- **Recorded data**
☆ ☆ ☆
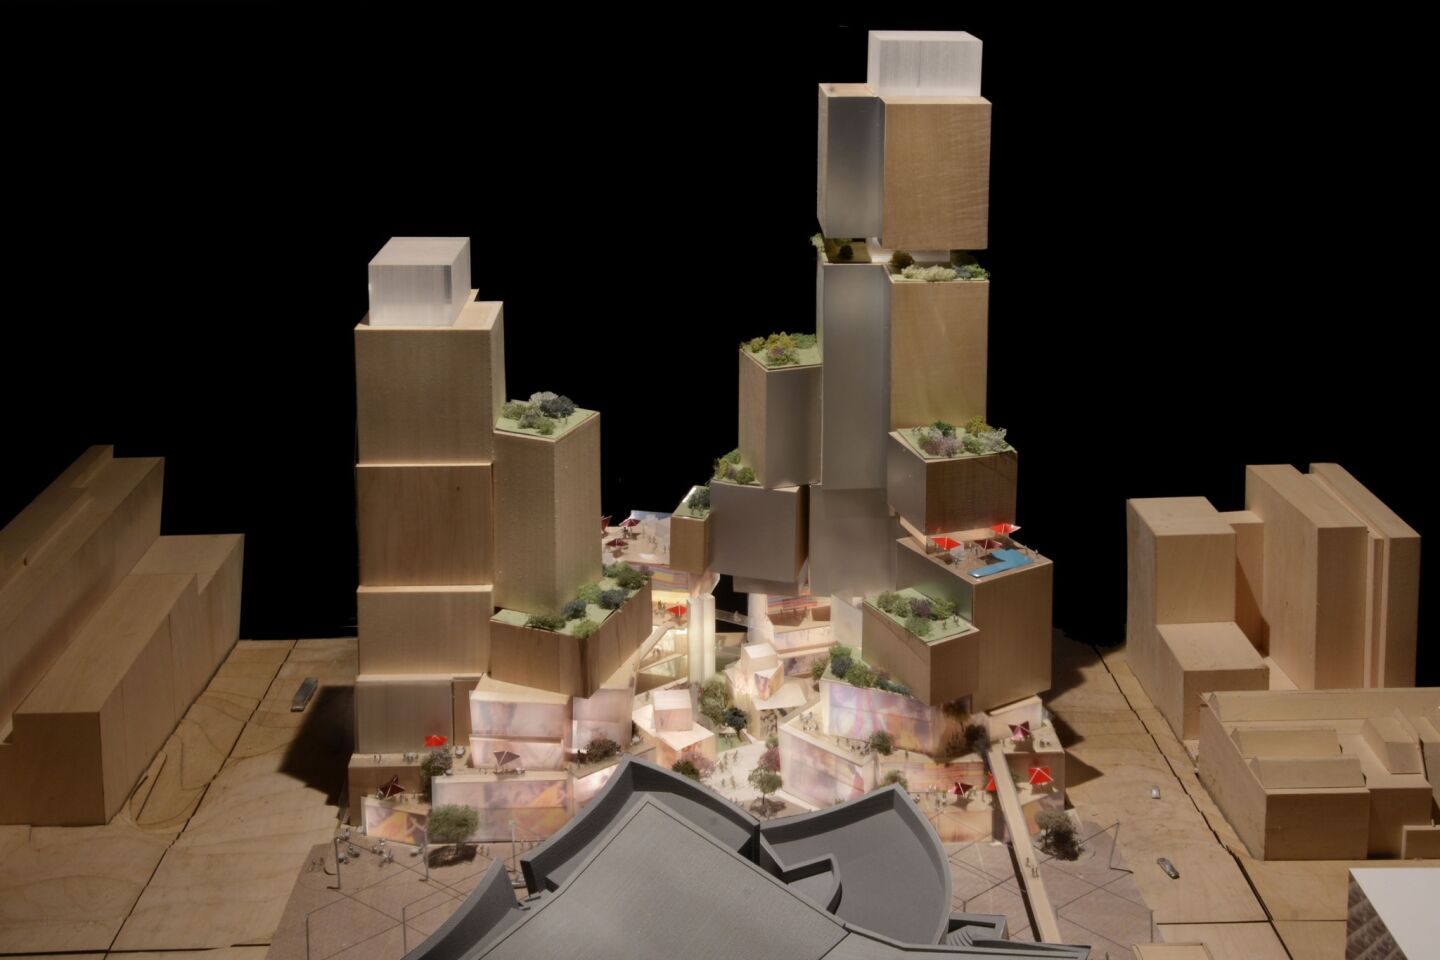 A proposal by architect Frank Gehry's firm calls for a stacked collection of shops and restaurants and includes two towers, one holding an SLS Hotel and the other filled with condominiums and apartments.
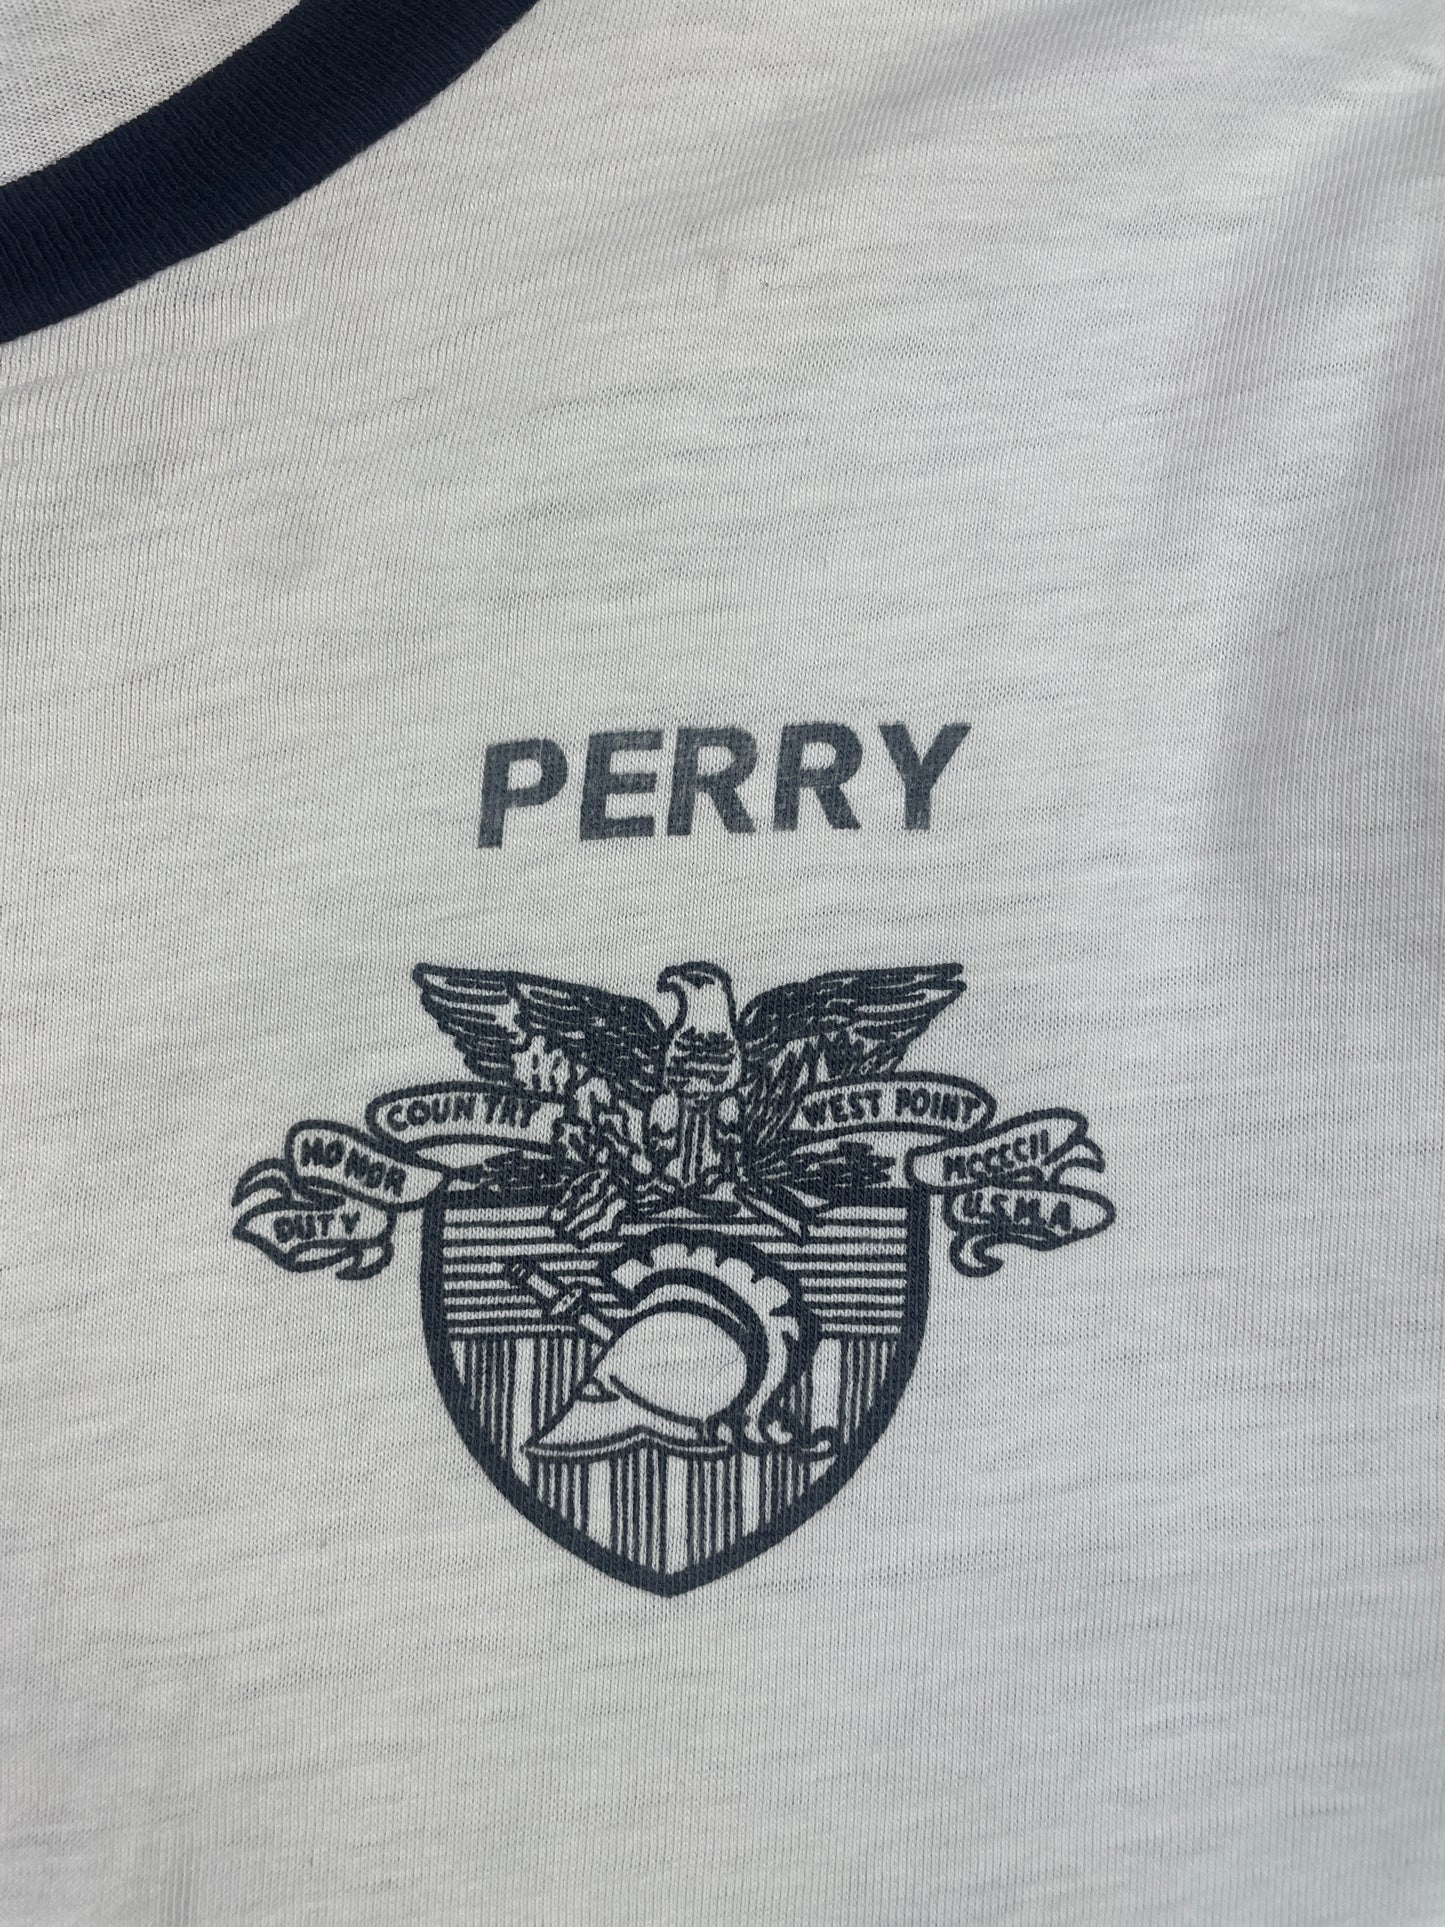 60s Champion West Point Academy "Perry" T-Shirt // 40
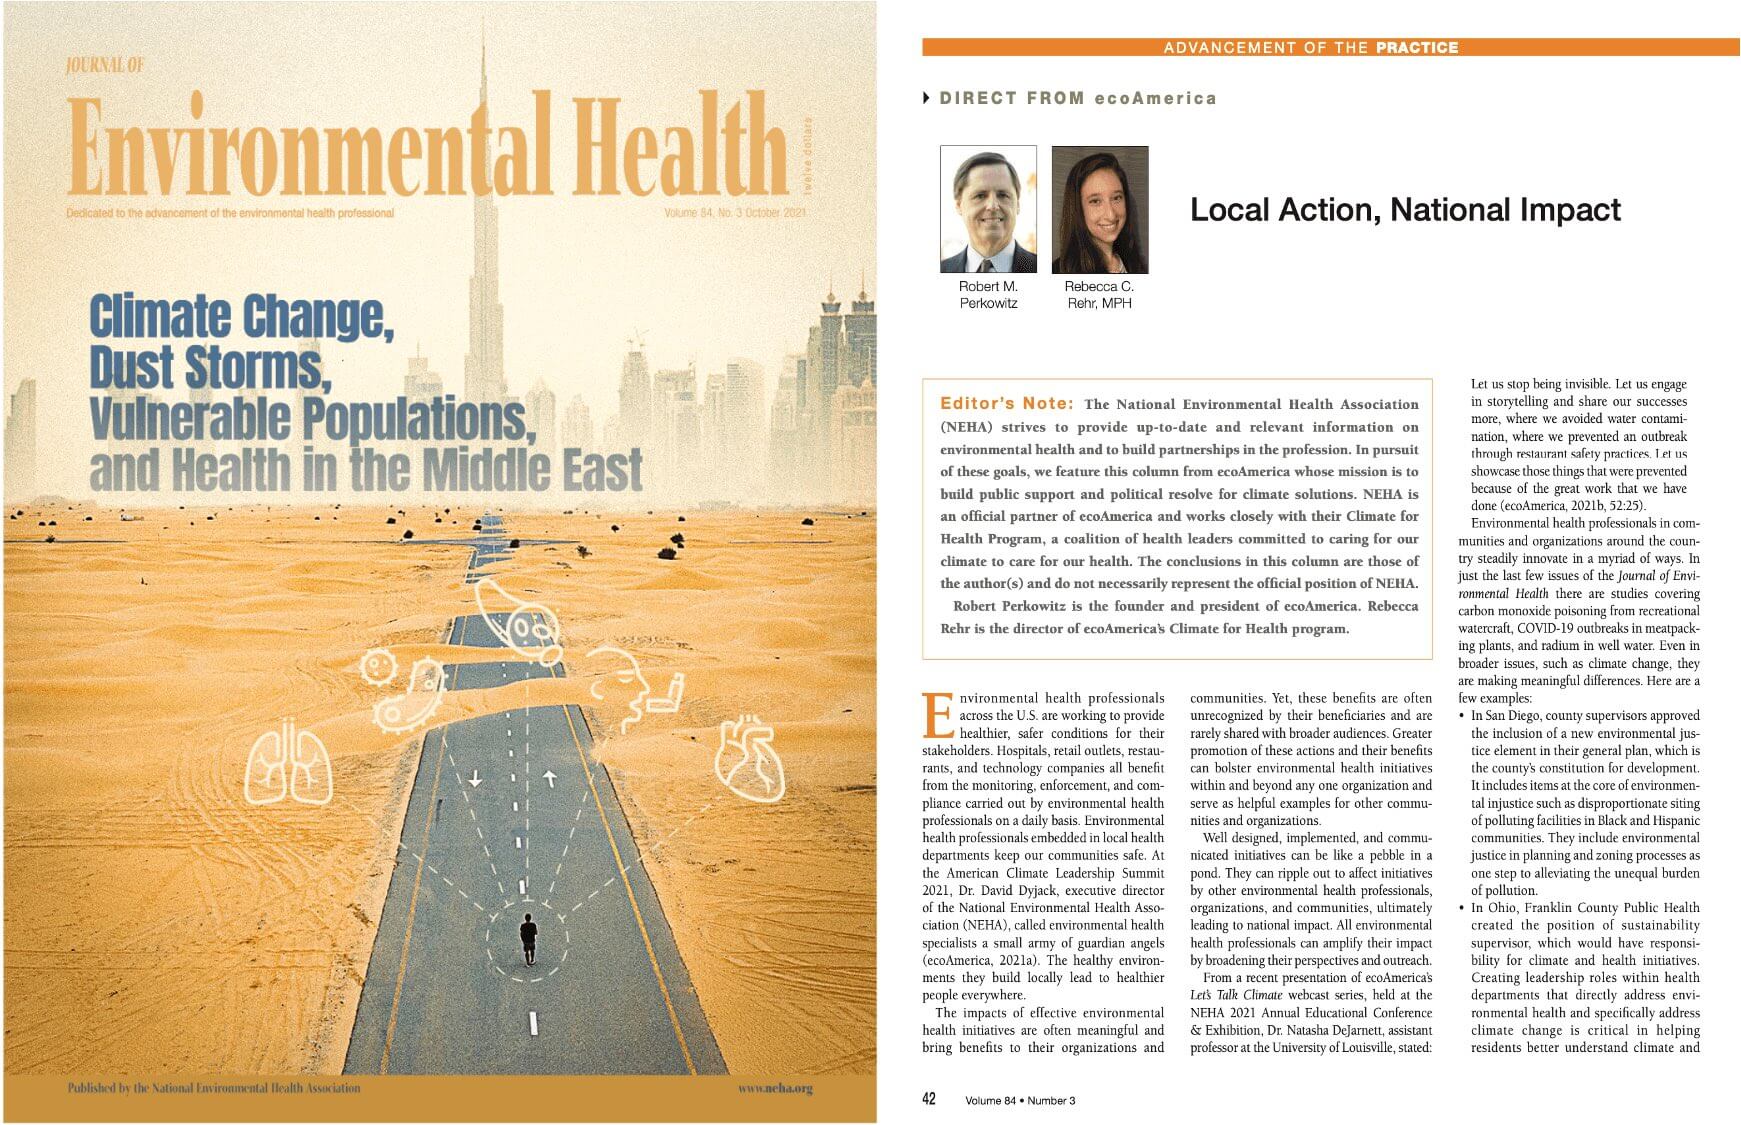 New piece in the Journal of Environmental Health, “Local Action, National Impact”
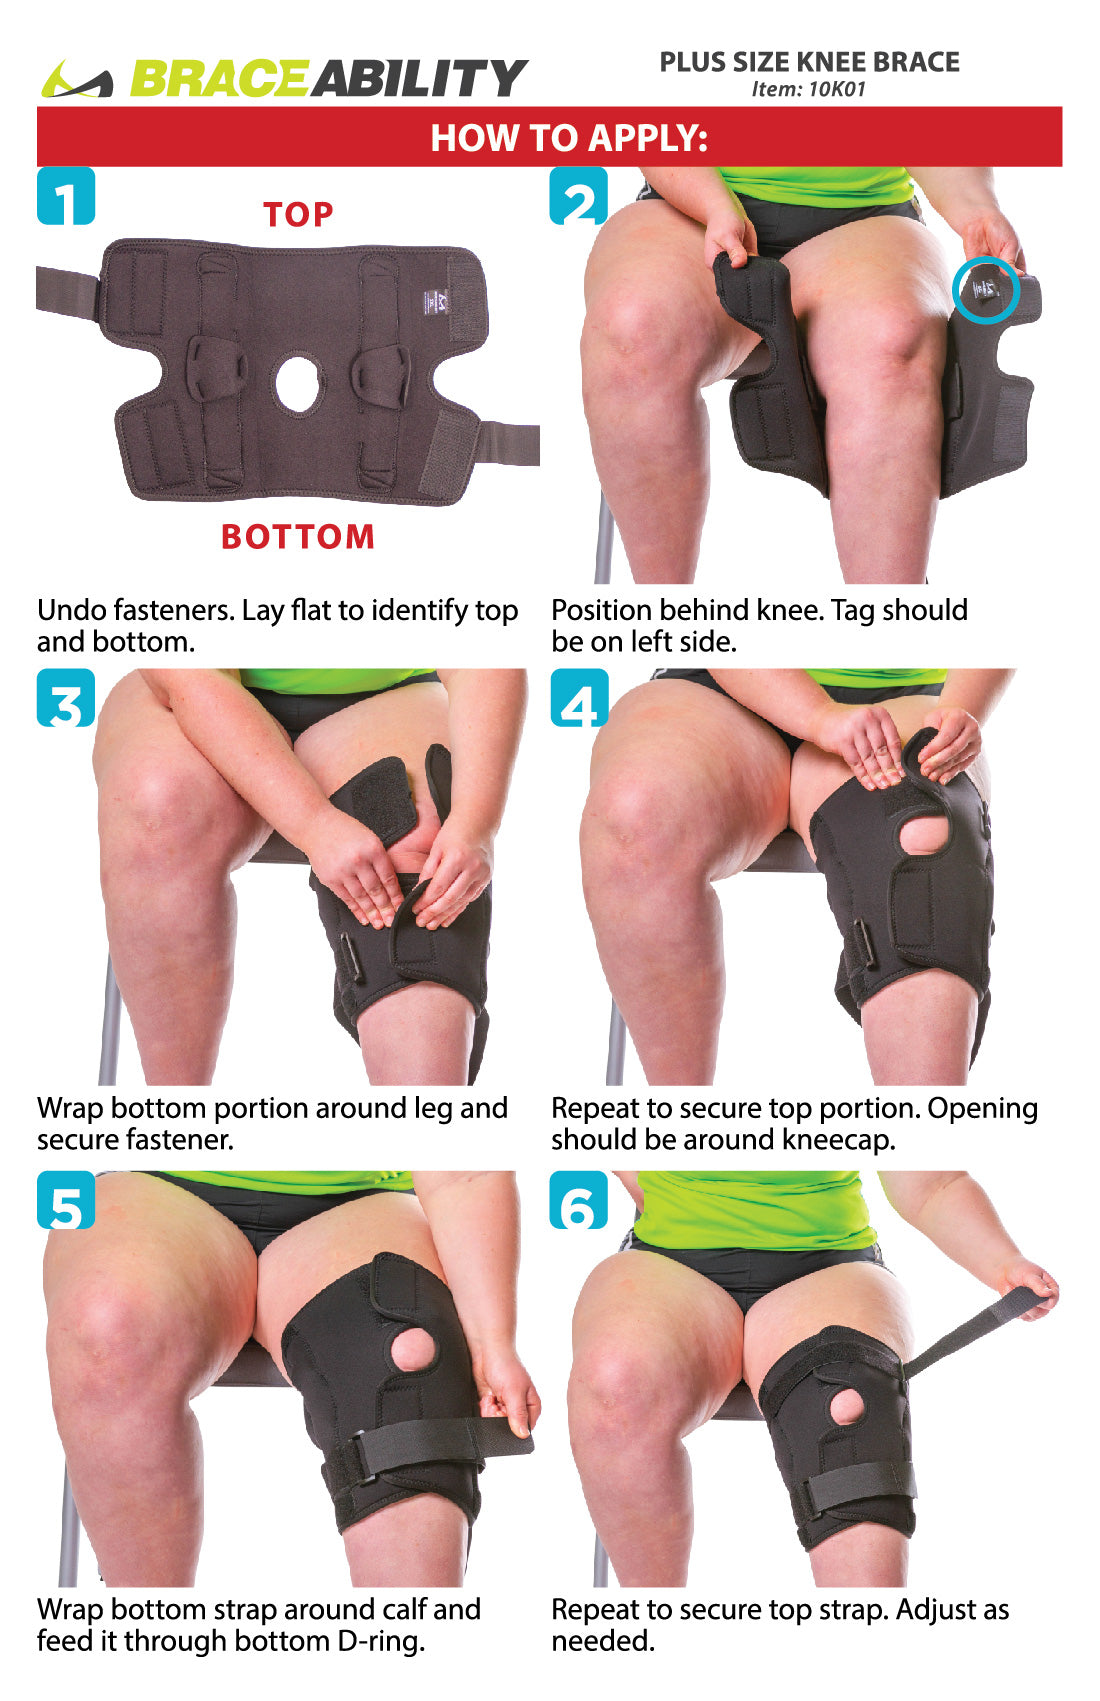 the instruction sheet for the plus size knee brace is a simple wrap around style
☆ ☆ ☆
- **Directions for this task**
Pictures are to be omitted. Output verbatim only the lines from the one holding "60s Champion West" through the end of the material, both included.

- **Written solution**
 60s Champion West Point Academy "Perry" T-Shirt // 40
 New piece in the Journal of Environmental Health, “Local Action, National Impact”
 the instruction sheet for the plus size knee brace is a simple wrap around style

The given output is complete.